Source file: src/linear_algebra/k_quantization.zig

Internal module. This API may change between releases.


Public Constants

pub const QK_K: usize = 256;

Super-block size shared by all K-quantization formats. Every 256 elements are quantized together, allowing finer scale granularity than the older Q4_0/Q8_0 formats (which use blocks of 32).


Public Types

KQuantType

pub const KQuantType = enum {
    Q4_K,
    Q5_K,
    Q6_K,
};

The three K-quantization bit widths.

Variant Bits/Weight Bytes per 256-element block
Q4_K 4.5 144
Q5_K 5.5 176
Q6_K 6.5 210

BlockQ4K

pub const BlockQ4K = struct {
    d: f16,                   // super-block scale
    dmin: f16,                // super-block minimum
    scales: [12]u8,           // sub-block scales (packed)
    qs: [QK_K / 2]u8,        // quantized nibbles
};

On-disk and in-memory layout of a single Q4_K block.

BlockQ5K

pub const BlockQ5K = struct {
    d: f16,
    dmin: f16,
    scales: [12]u8,
    qh: [QK_K / 8]u8,        // high bits
    qs: [QK_K / 2]u8,        // low nibbles
};

BlockQ6K

pub const BlockQ6K = struct {
    ql: [QK_K / 2]u8,        // low 4 bits
    qh: [QK_K / 4]u8,        // high 2 bits
    scales: [QK_K / 16]i8,   // sub-block scales
    d: f16,                   // super-block scale
};

KQuantizer

pub const KQuantizer = struct {
    allocator: std.mem.Allocator,
};

Stateless quantizer/dequantizer for K-quant formats.


Public Functions

KQuantizer.quantize

pub fn quantize(
    self: KQuantizer,
    data: []const f32,
    ktype: KQuantType,
) ![]u8

Quantize a contiguous f32 buffer into packed K-quant bytes. The input length must be a multiple of QK_K (256).
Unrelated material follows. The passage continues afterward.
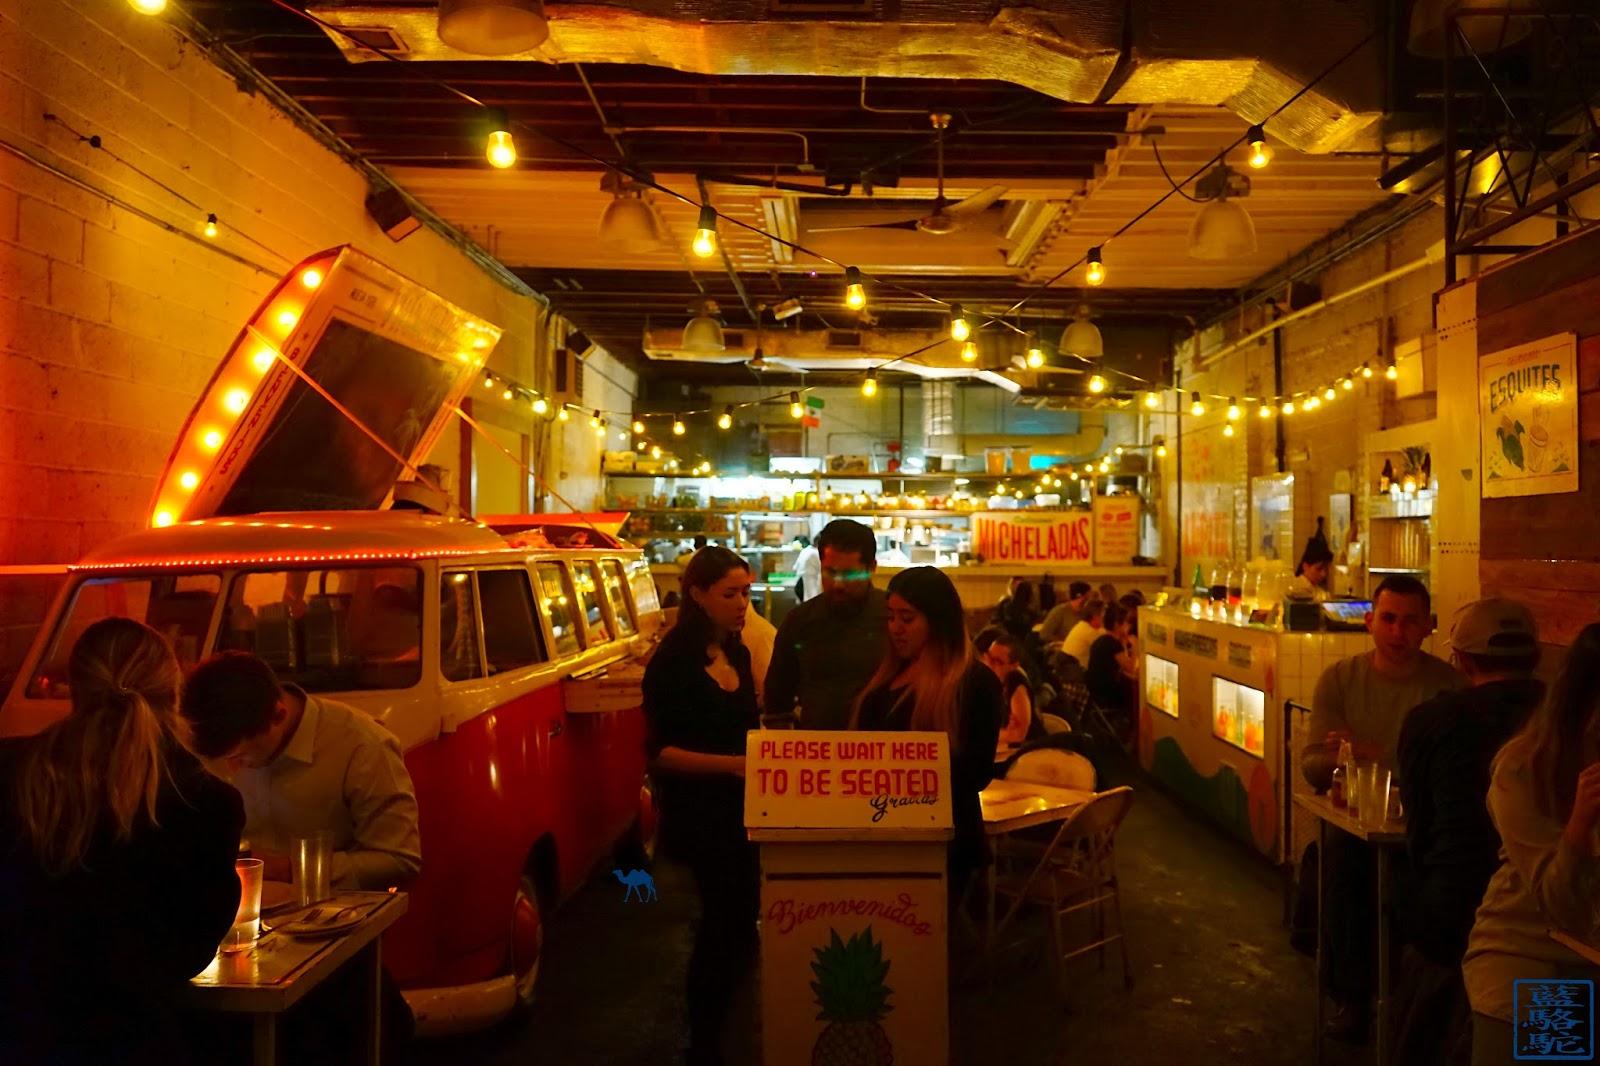 Le Chameau Bleu - Tacombi - Restaurant Mexicain à New York USA

Returns: caller-owned byte slice.

KQuantizer.dequantize

pub fn dequantize(
    self: KQuantizer,
    data: []const u8,
    ktype: KQuantType,
) ![]f32

Dequantize packed K-quant bytes back to f32.


Error Types

  • error{InvalidAlignment} -- input length is not a multiple of QK_K.
  • error{OutOfMemory}

Usage Example

const kq = @import("zigllama").linear_algebra.k_quantization;

var quantizer = kq.KQuantizer{ .allocator = allocator };

const raw_weights: []const f32 = model_data[offset..][0..4096];
const packed = try quantizer.quantize(raw_weights, .Q4_K);
defer allocator.free(packed);

const restored = try quantizer.dequantize(packed, .Q4_K);
defer allocator.free(restored);